◆ REQUIREMENT ◆
I need every line of the material below that includes the string "Nature".

── MATERIAL FOR THE TASK ──

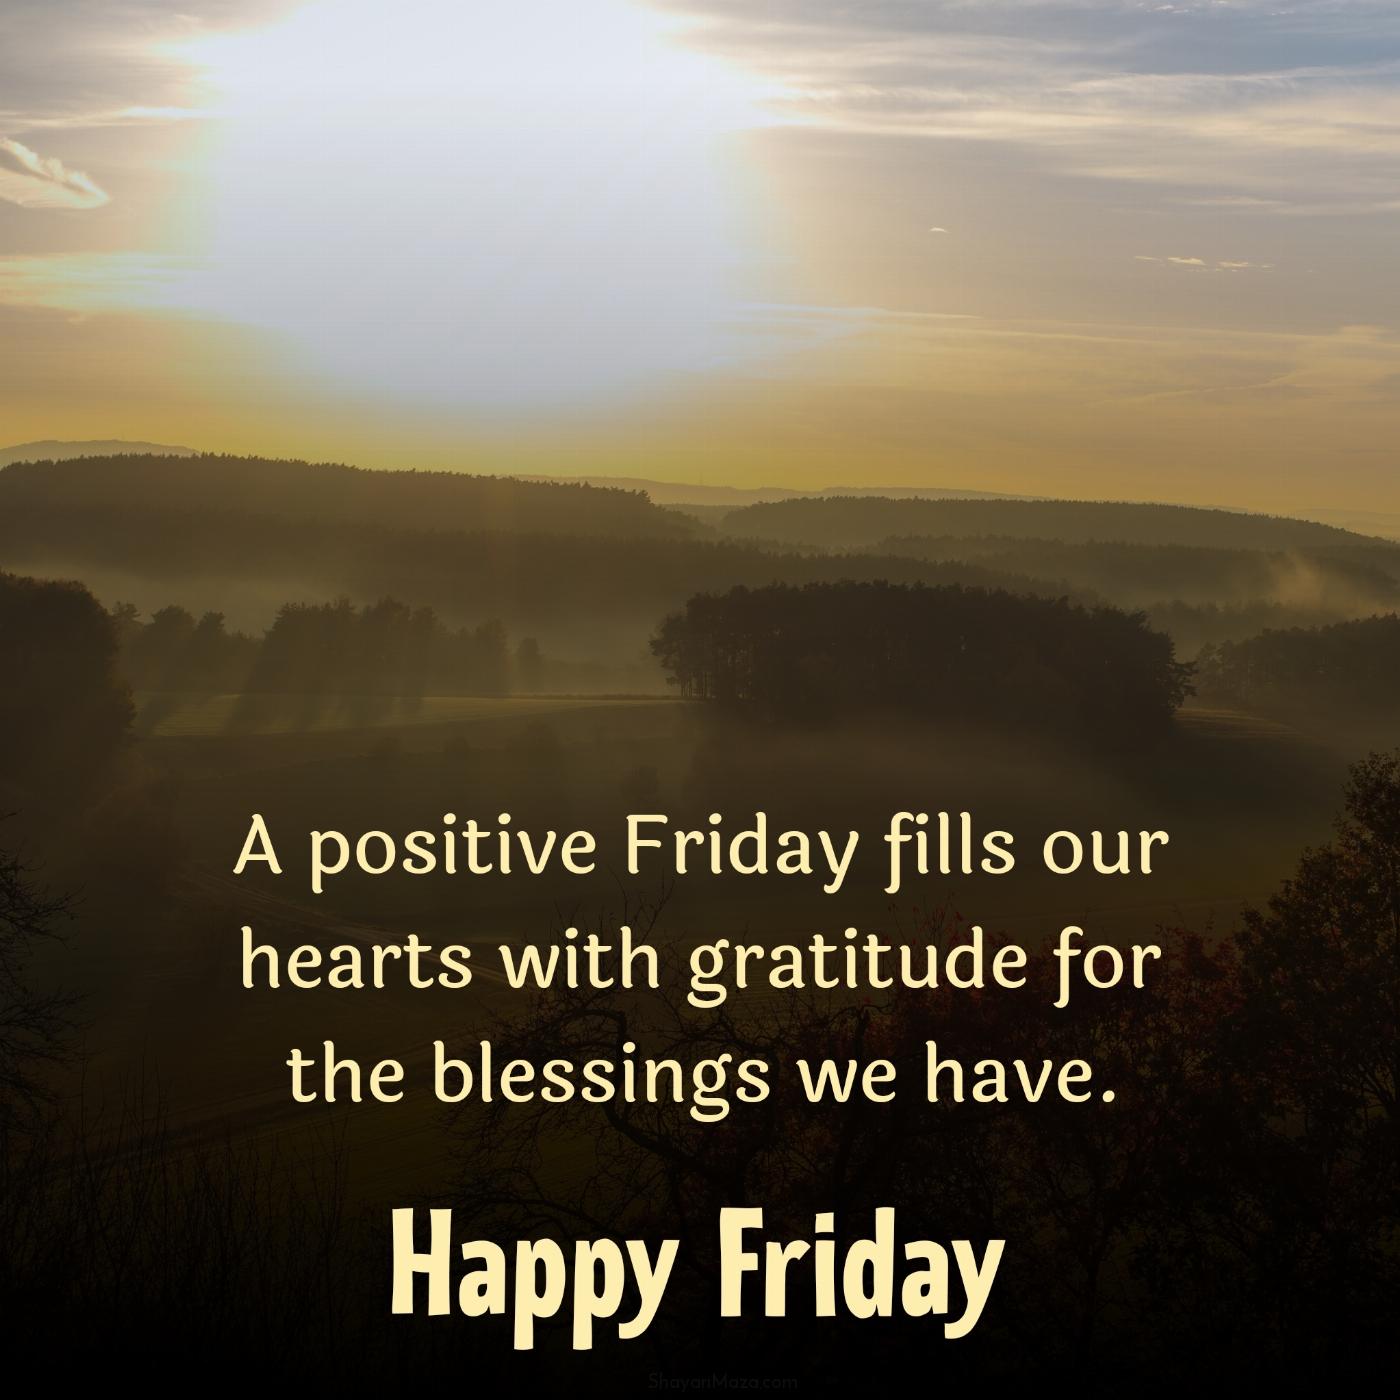 A positive Friday fills our hearts with gratitude for the blessings
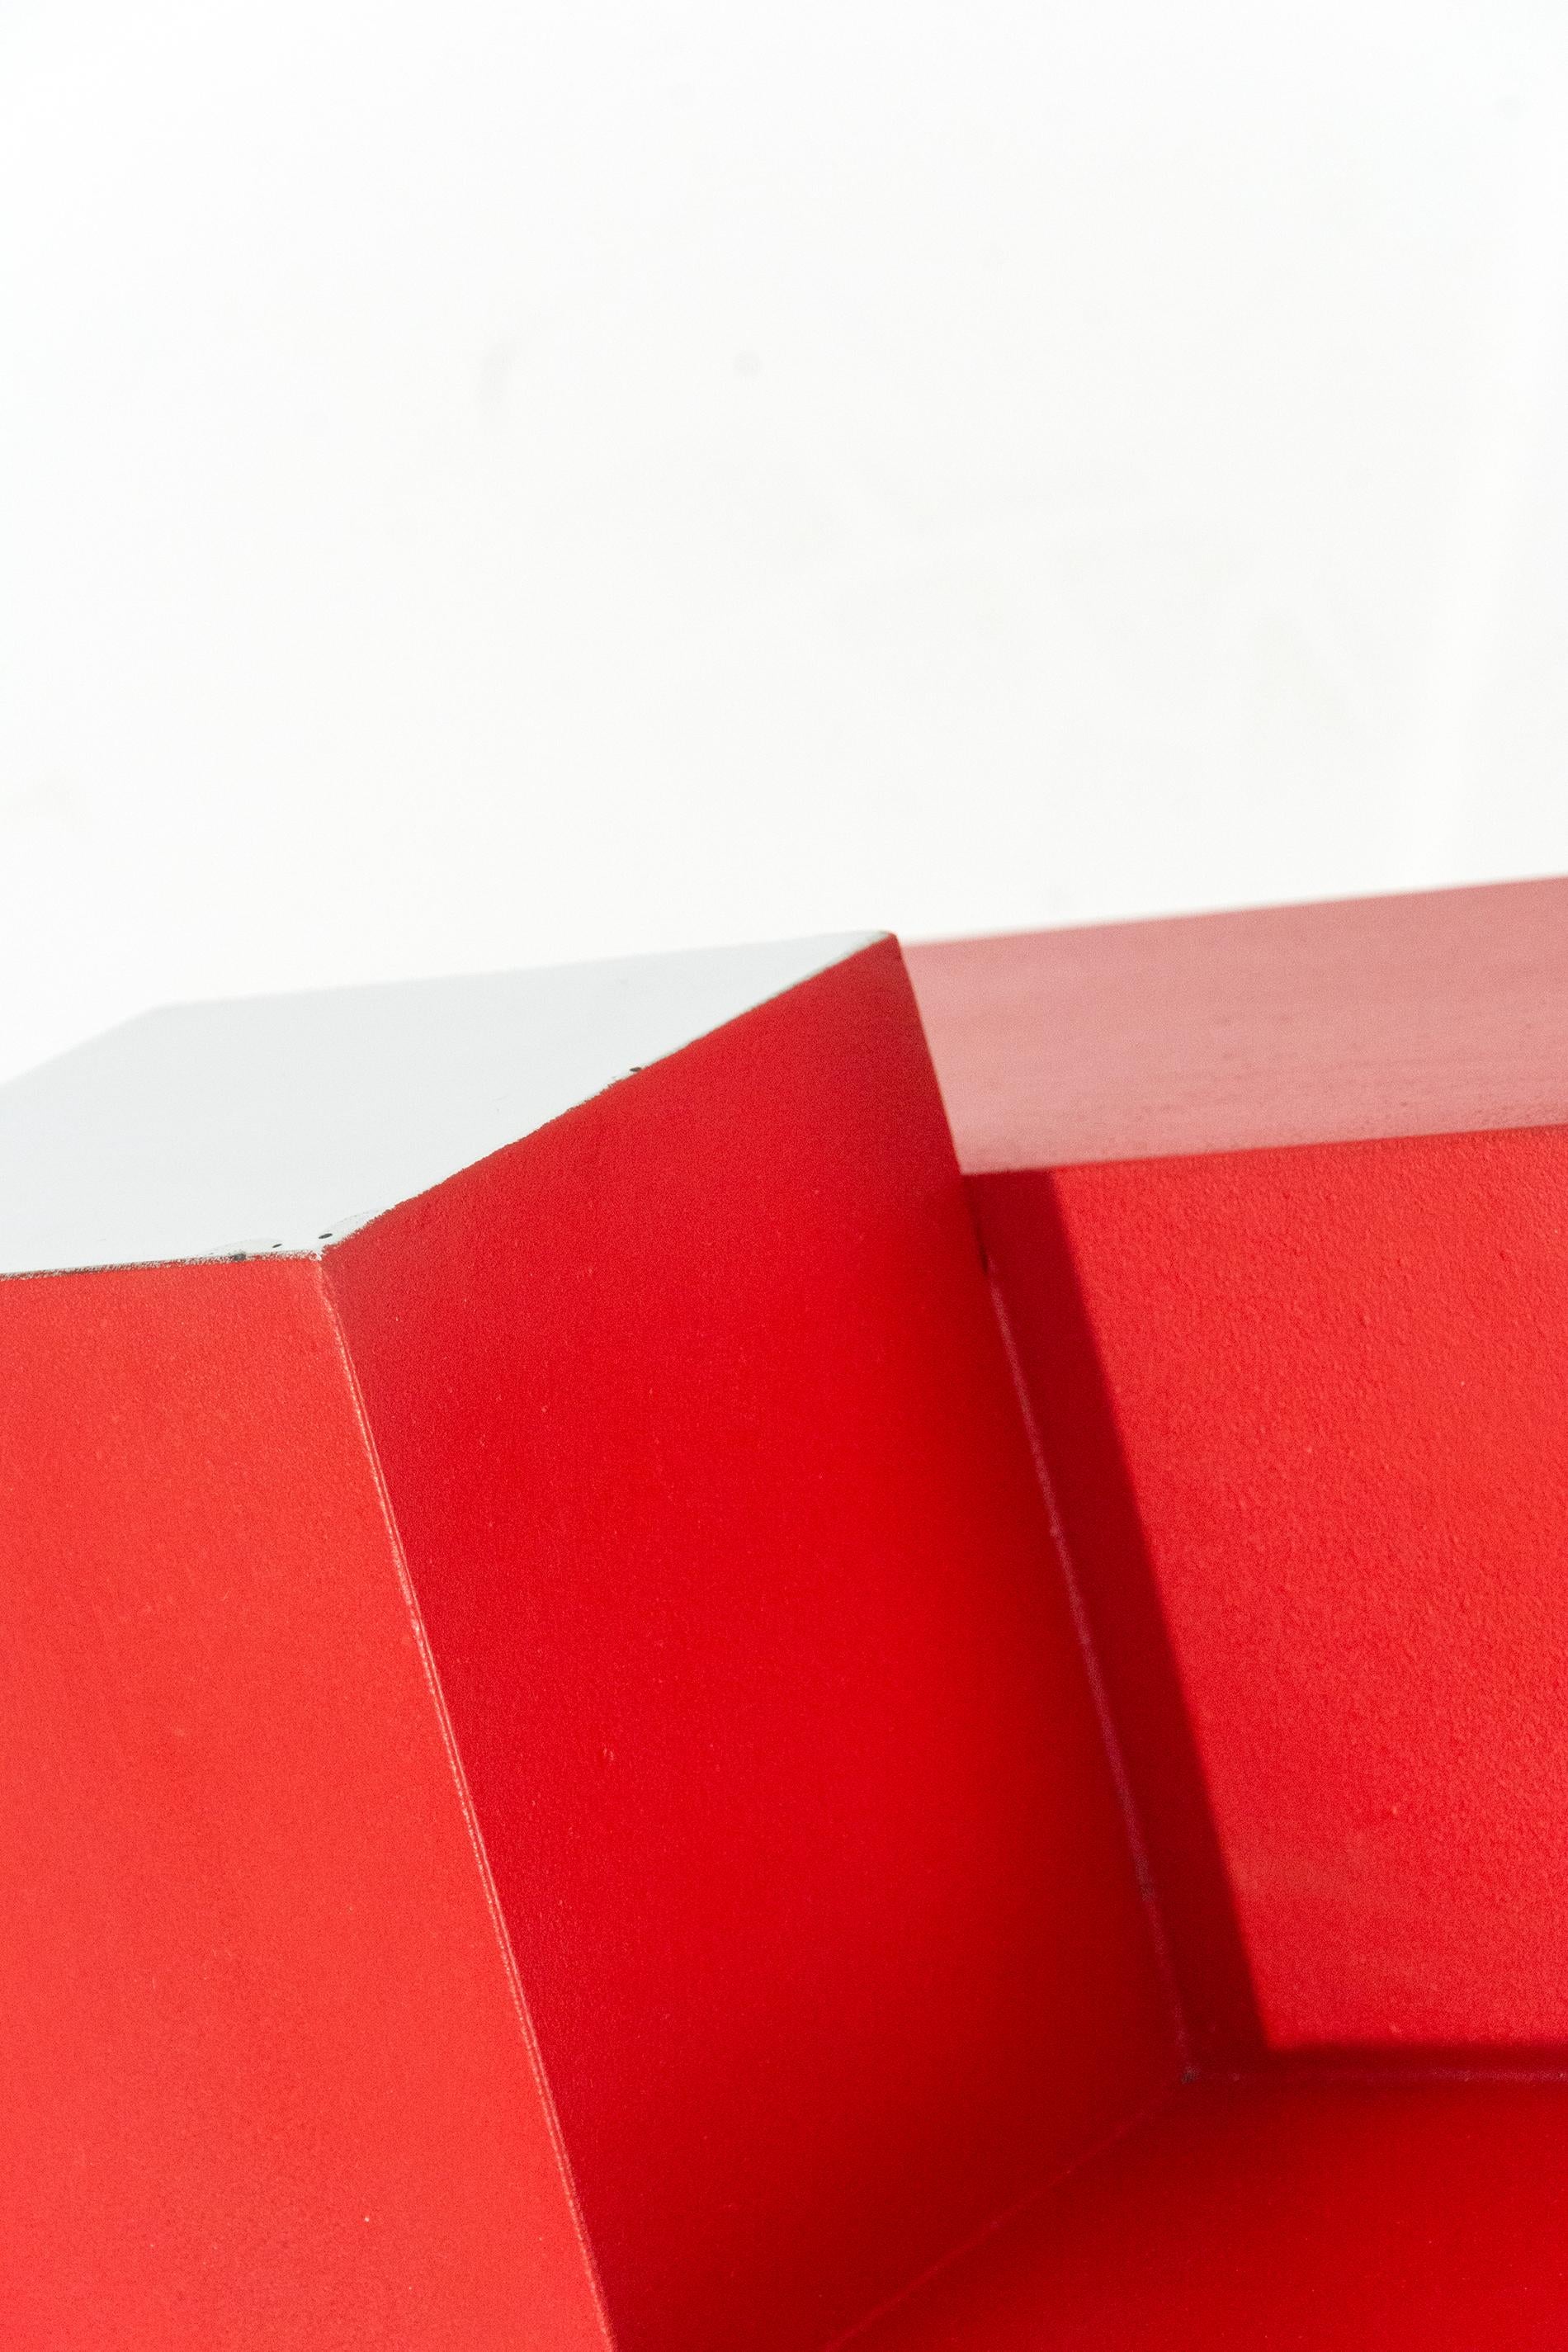 12 Inch Cube Red 1/10 1
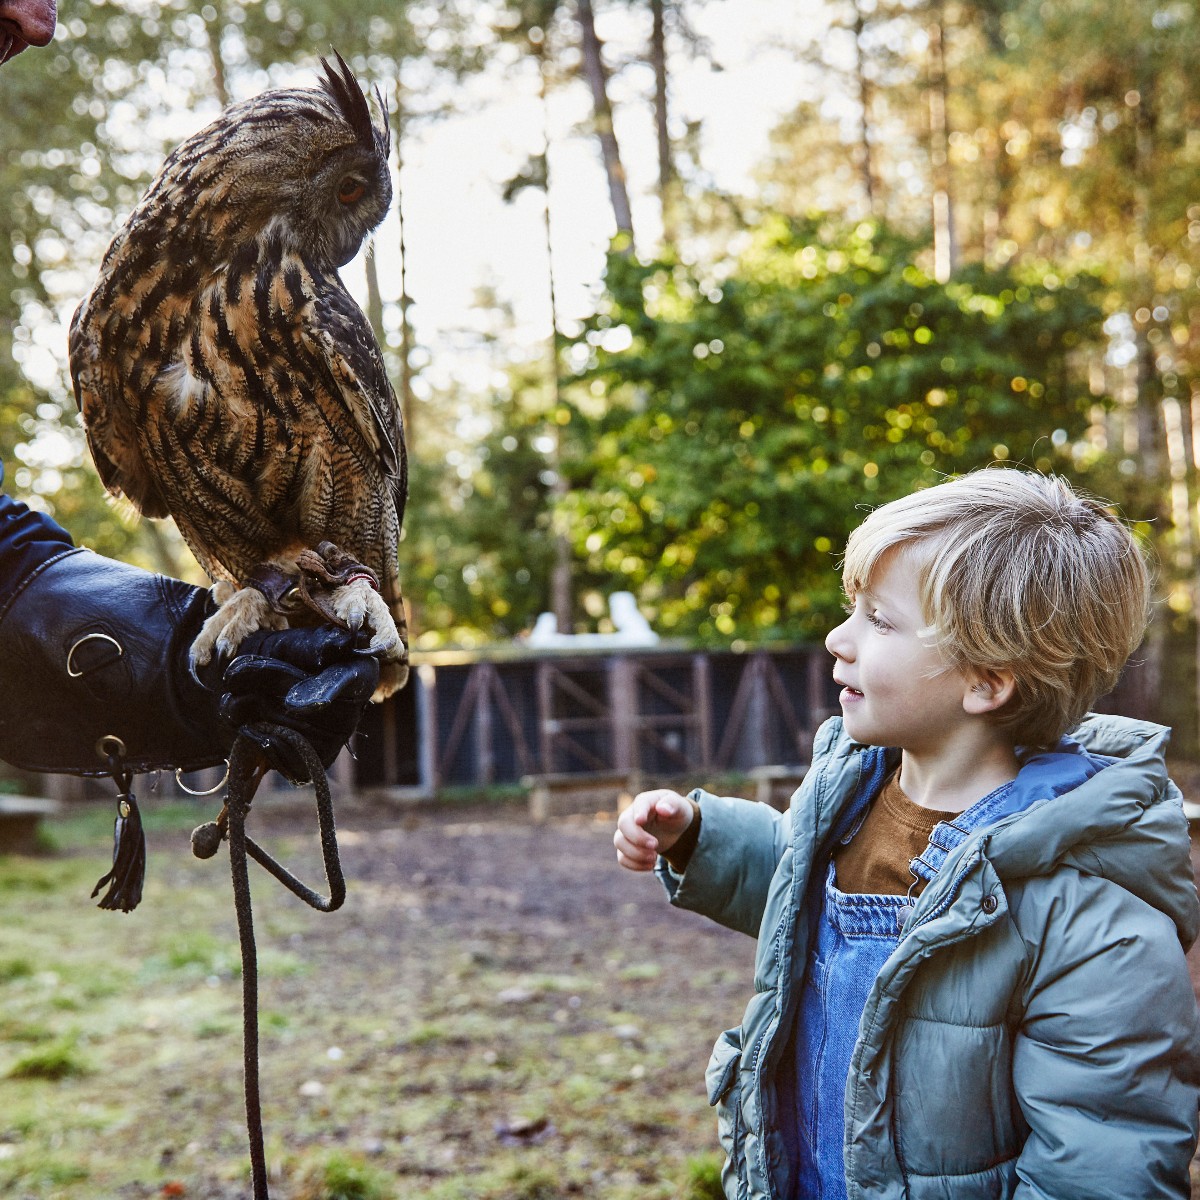 The forest is waking up…

Our Rangers Lodge has so many fun and educational activities available to show you the wildlife in the forest.

Take part in:
🌲Build a Nature House
🦉Baby Owls or Encounter With Owls
🔍Nature Detectives
🚶Nature Walk 

🔗https://t.co/LRPRjI5tID https://t.co/BvQvRGcDlv

───

◆ OUTPUT OF THE TASK ◆
🌲Build a Nature House
🔍Nature Detectives
🚶Nature Walk 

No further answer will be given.